> **AVAILABLE DATA**
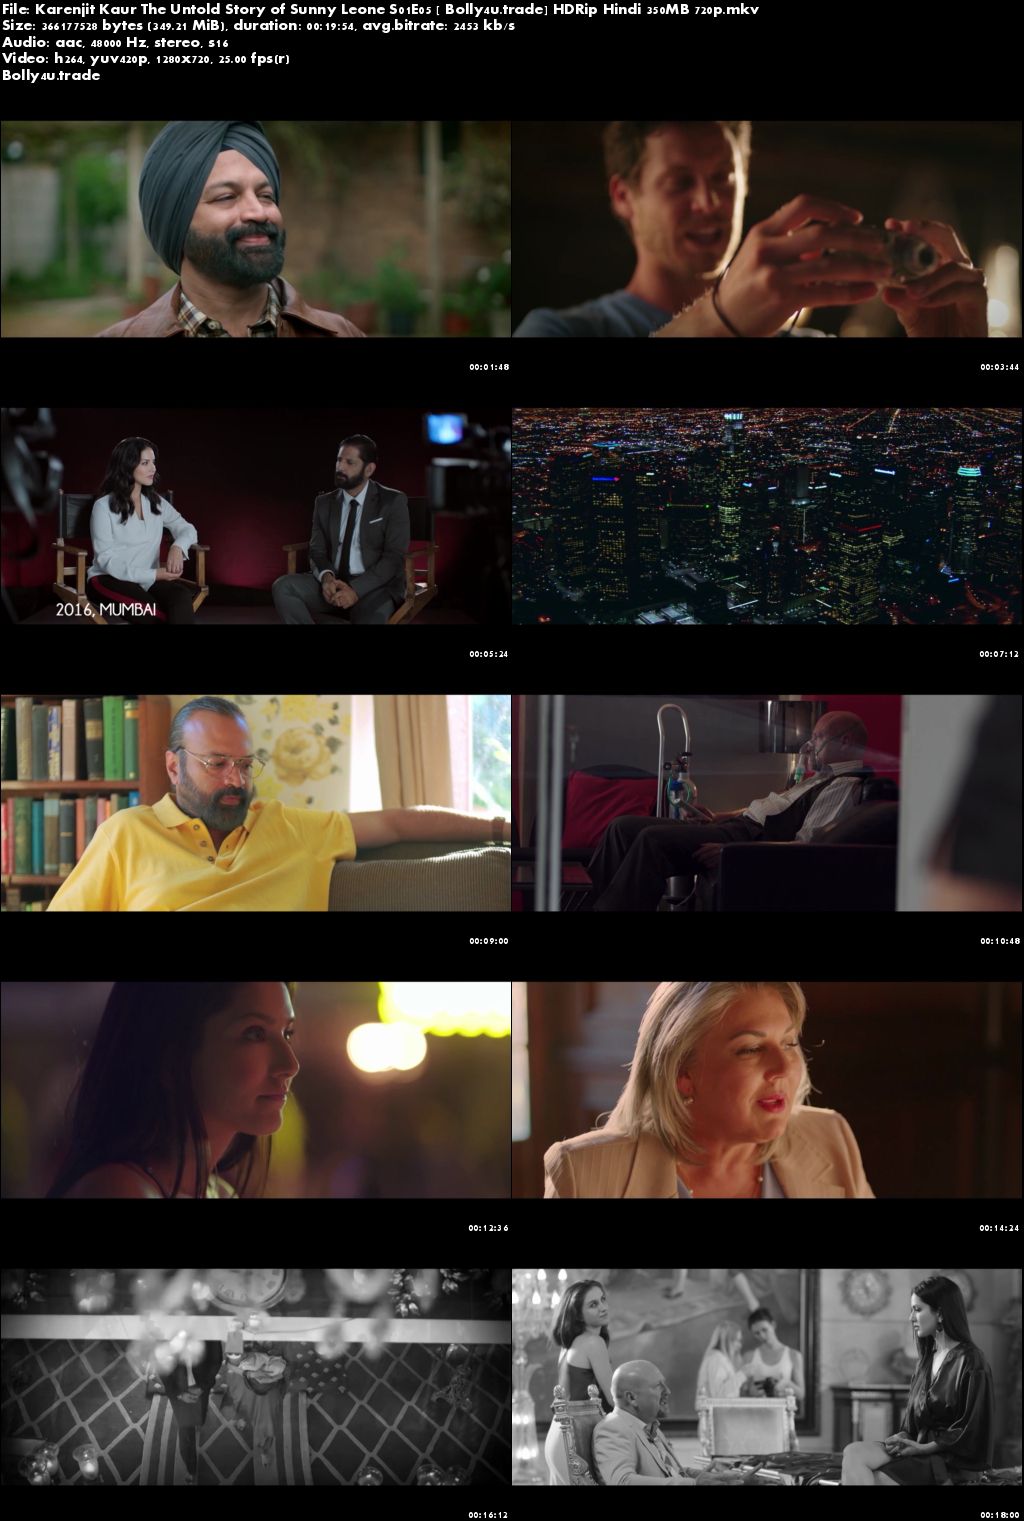 Karenjit Kaur The Untold Story of Sunny Leone S01E05 HDRip 350MB Hindi 720p Download
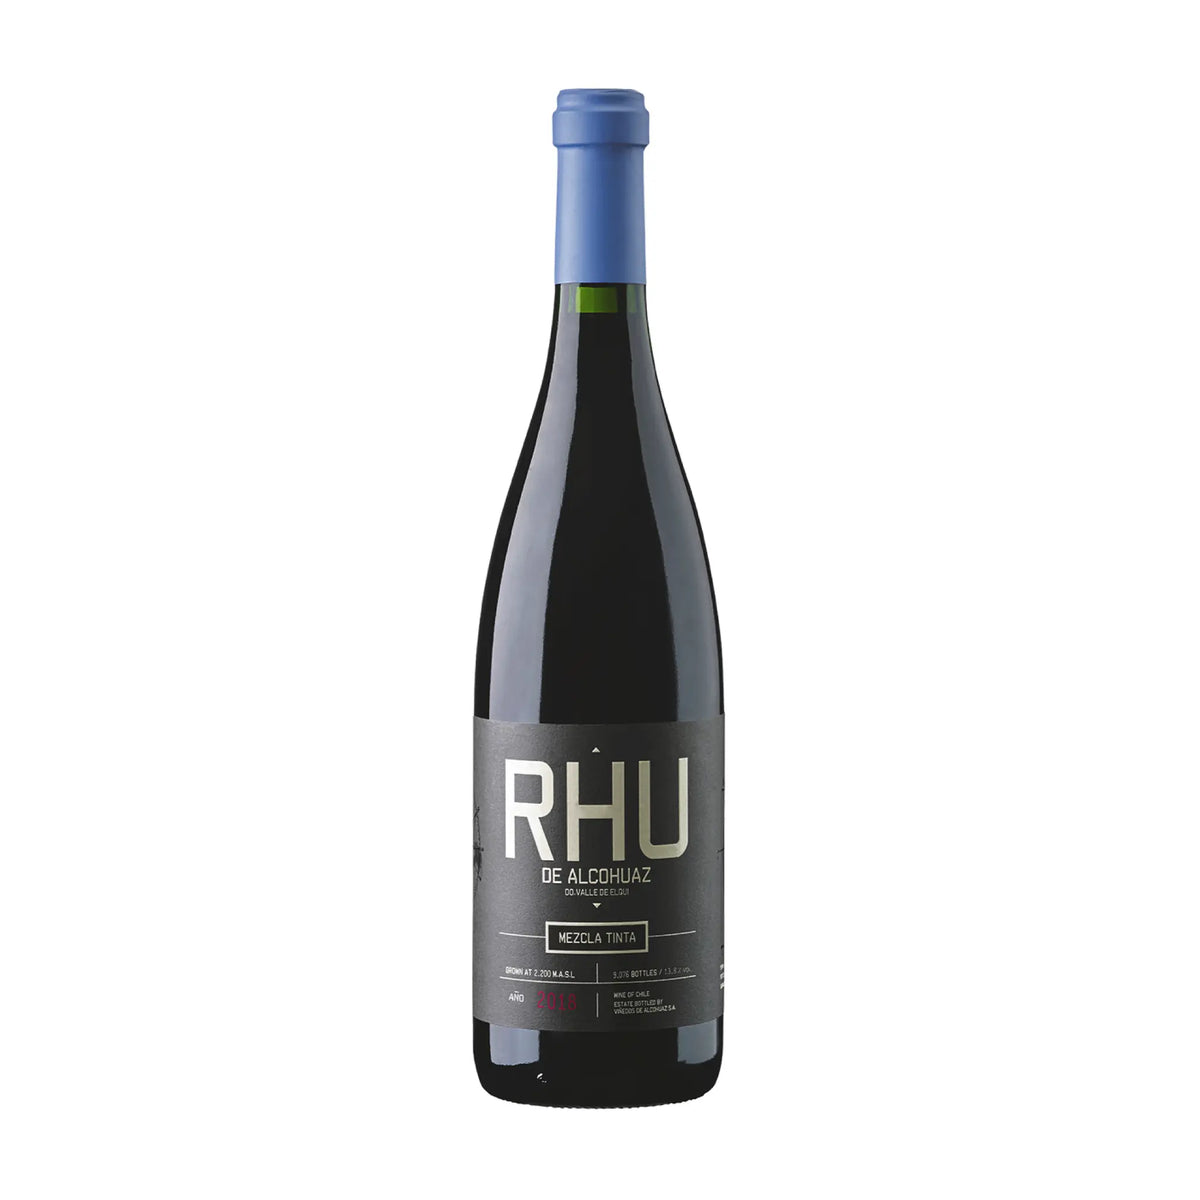 Viñedos de Alcohuaz-Rotwein-Cuvée-Chile-Choapa-2018 RHU mezcla tinta-WINECOM
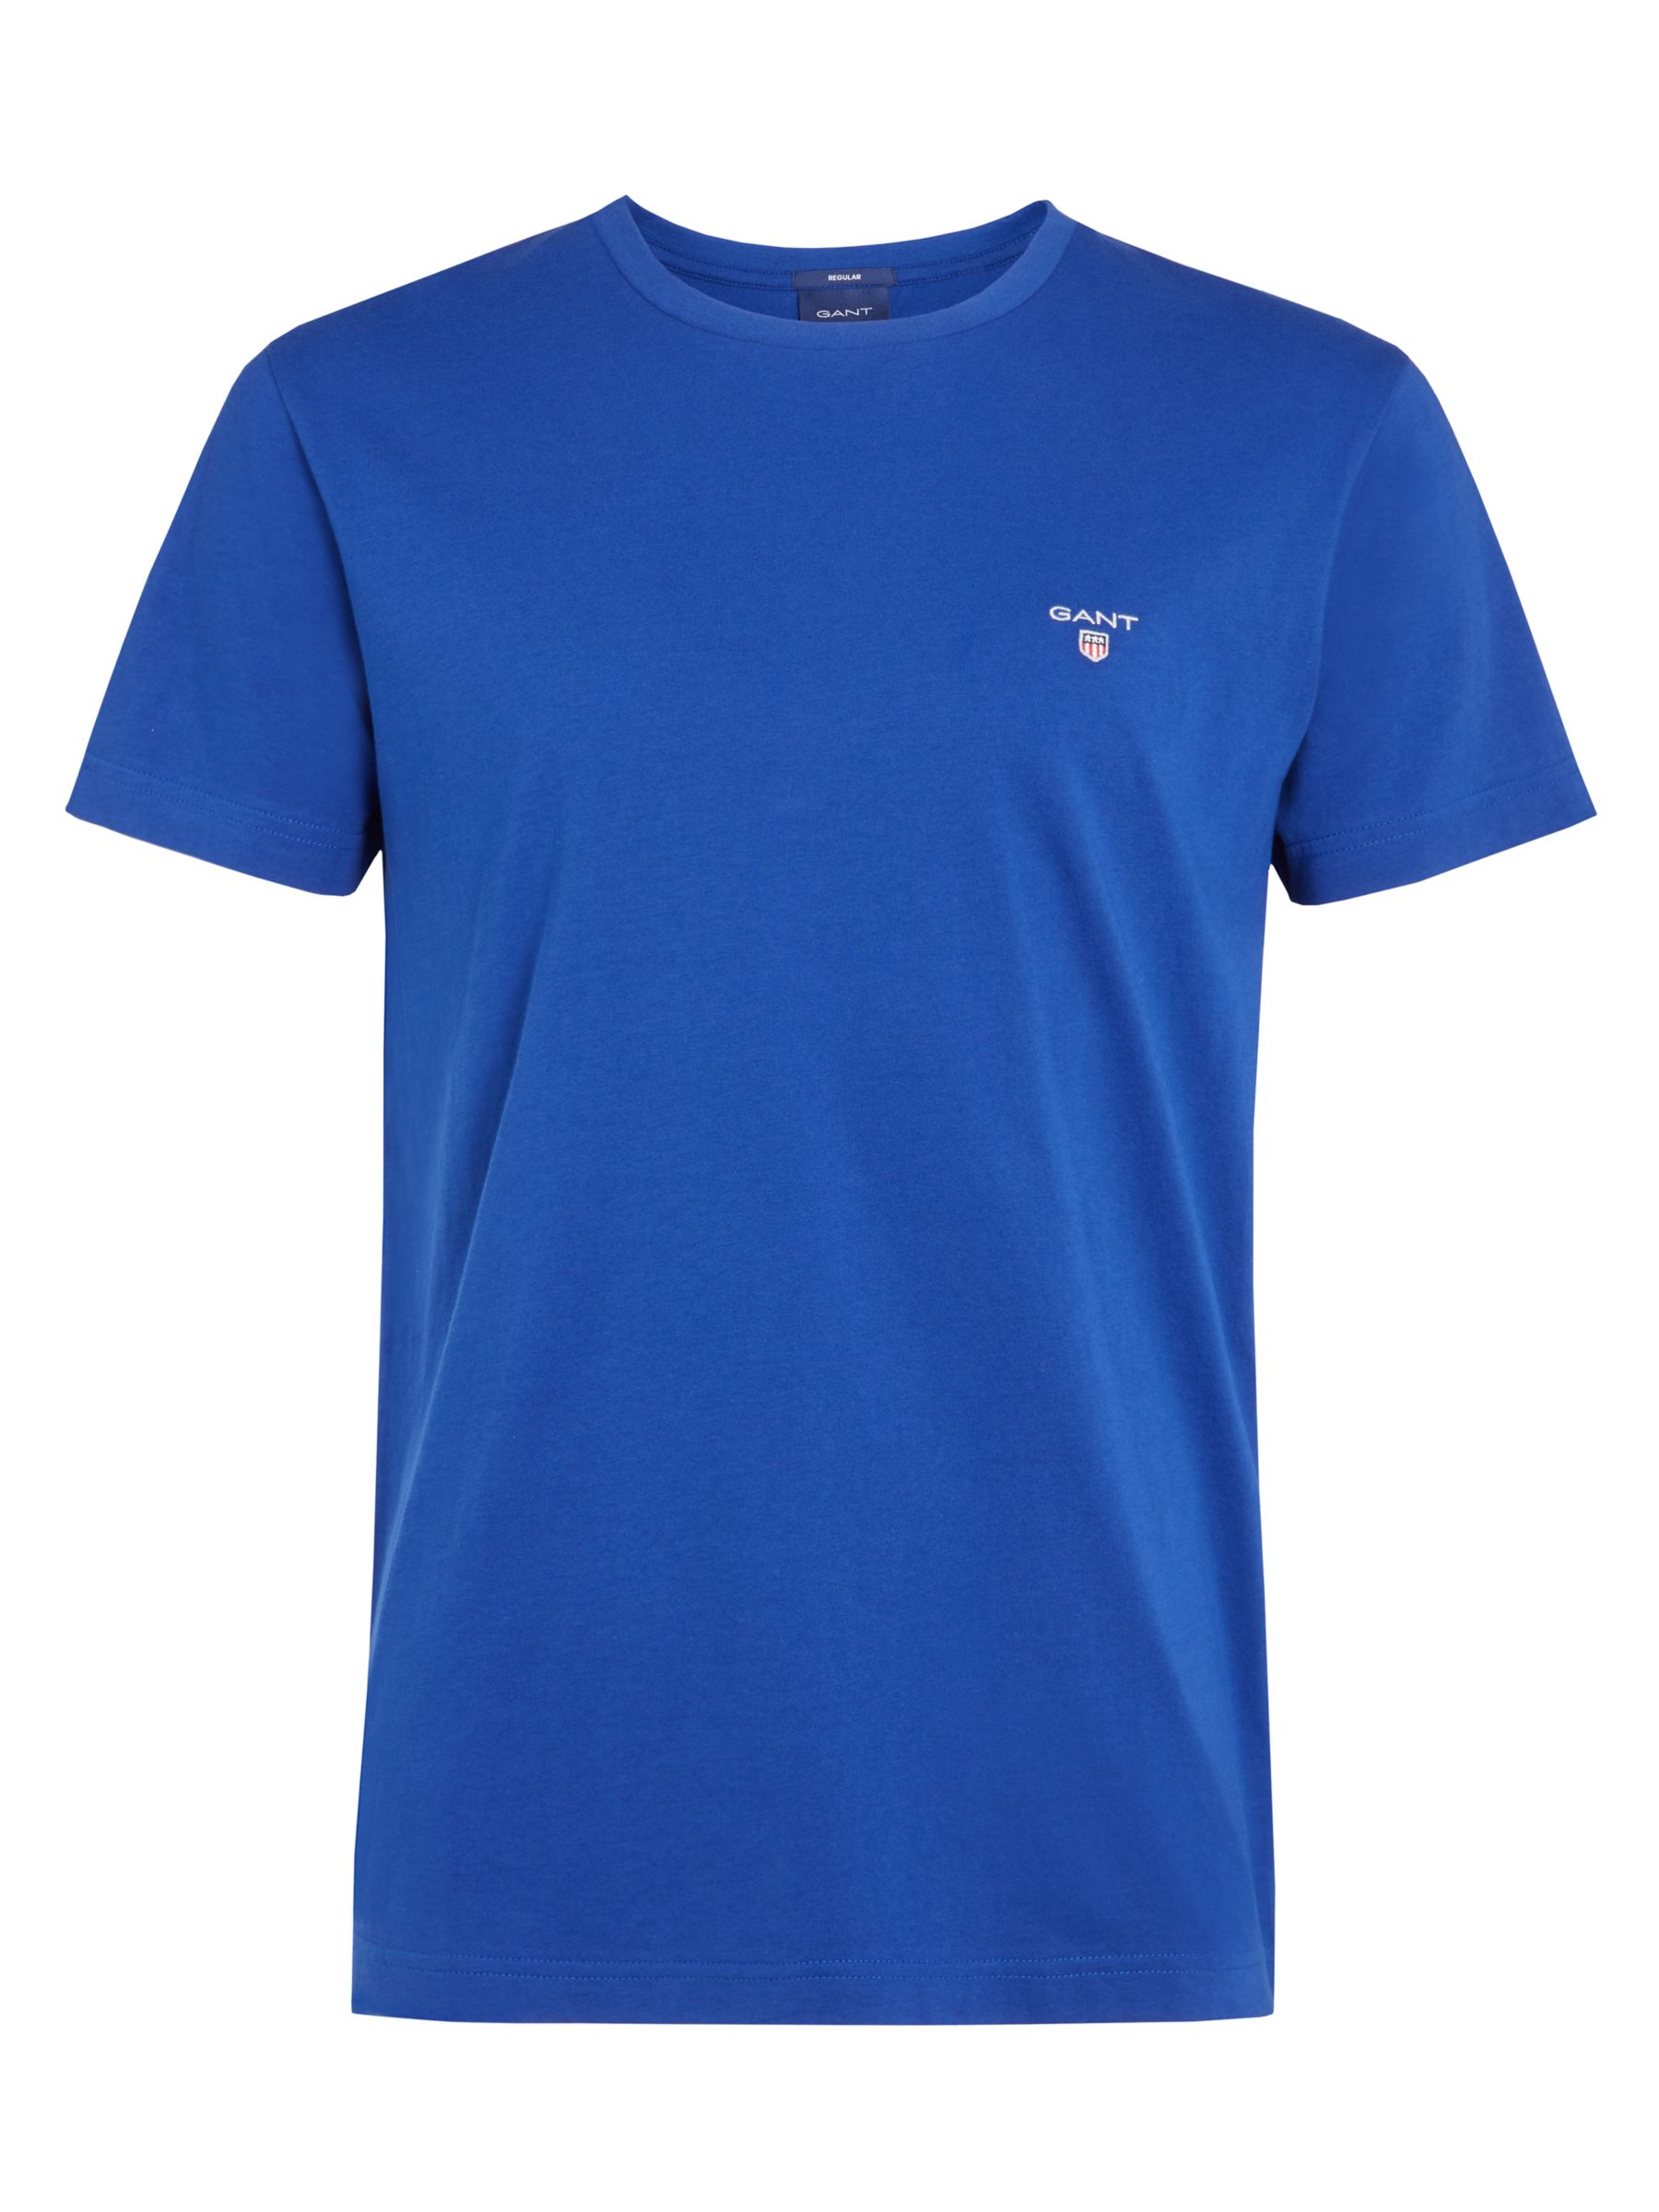 GANT Cotton Crew Neck T-Shirt, C435 Blue at John Lewis & Partners
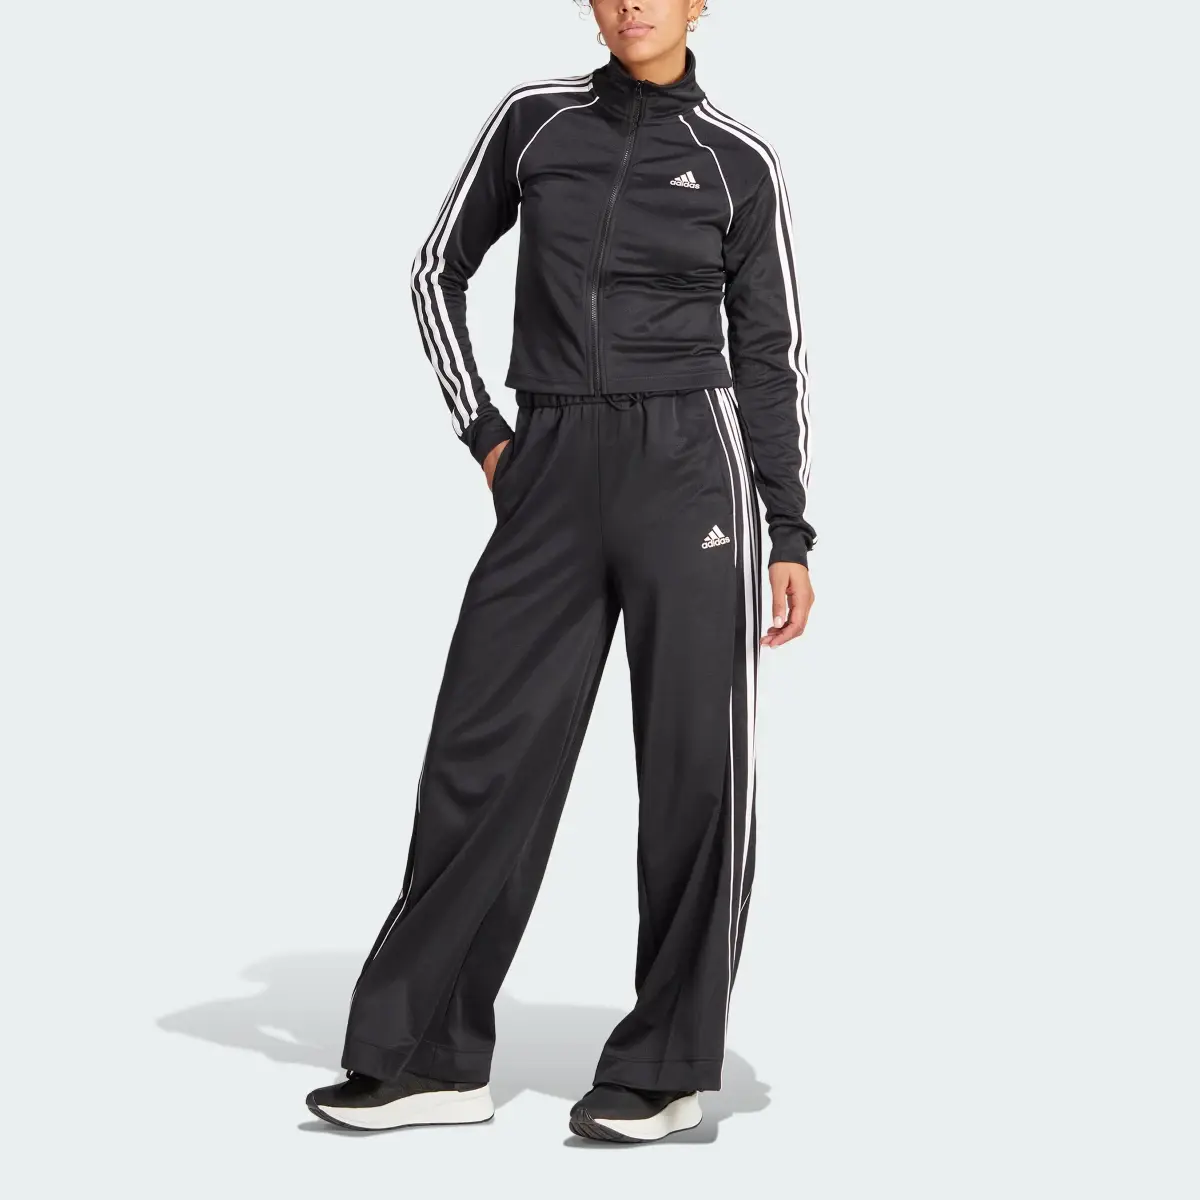 Adidas Teamsport Track Suit. 1

> **PROMPT**
From the line that contains "Viñedos de Alcohuaz-Rotwein-Cuvée-Chile-Choapa-2018" to the final line of the material, write out each line exactly. Pictures stay out.

> **THE ANSWER**
 Viñedos de Alcohuaz-Rotwein-Cuvée-Chile-Choapa-2018 RHU mezcla tinta-WINECOM
 GANT Cotton Crew Neck T-Shirt, C435 Blue at John Lewis & Partners
 Adidas Teamsport Track Suit. 1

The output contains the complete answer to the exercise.